> **Supplied data**:
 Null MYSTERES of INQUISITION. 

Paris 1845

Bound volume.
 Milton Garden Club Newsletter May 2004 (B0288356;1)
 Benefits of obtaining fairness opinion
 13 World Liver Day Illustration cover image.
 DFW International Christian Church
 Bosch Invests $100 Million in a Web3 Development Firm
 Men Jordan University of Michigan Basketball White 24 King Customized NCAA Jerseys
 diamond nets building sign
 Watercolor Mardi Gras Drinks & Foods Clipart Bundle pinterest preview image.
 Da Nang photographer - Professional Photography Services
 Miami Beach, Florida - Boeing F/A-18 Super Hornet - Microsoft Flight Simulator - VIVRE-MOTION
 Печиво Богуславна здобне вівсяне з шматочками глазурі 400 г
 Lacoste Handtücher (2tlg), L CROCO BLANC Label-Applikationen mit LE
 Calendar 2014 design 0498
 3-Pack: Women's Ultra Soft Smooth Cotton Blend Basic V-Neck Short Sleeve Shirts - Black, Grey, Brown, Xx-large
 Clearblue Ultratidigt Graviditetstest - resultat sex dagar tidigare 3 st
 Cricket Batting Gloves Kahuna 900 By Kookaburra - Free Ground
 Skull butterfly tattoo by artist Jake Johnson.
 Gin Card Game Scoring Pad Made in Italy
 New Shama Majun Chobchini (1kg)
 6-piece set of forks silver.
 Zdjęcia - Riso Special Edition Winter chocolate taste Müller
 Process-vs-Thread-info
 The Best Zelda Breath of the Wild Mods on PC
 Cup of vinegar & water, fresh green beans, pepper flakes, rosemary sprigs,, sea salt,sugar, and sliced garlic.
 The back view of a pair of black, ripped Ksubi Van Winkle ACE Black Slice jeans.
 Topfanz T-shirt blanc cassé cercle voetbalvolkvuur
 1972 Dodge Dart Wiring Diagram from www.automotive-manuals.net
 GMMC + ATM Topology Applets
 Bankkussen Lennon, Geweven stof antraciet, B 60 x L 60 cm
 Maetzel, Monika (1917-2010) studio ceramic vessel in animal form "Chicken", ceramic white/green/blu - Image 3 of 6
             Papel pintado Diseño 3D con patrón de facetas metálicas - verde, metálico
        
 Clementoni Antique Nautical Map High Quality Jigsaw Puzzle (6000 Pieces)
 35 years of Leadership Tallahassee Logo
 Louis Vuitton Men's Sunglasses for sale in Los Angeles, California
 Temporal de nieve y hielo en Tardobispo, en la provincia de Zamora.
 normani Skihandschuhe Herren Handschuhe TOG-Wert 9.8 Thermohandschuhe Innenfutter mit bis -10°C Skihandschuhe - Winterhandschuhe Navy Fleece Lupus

> **Exercise prompt**: Tell me how many lines of the records include the word "Black", replying with the number alone.

> **Answer box**: 2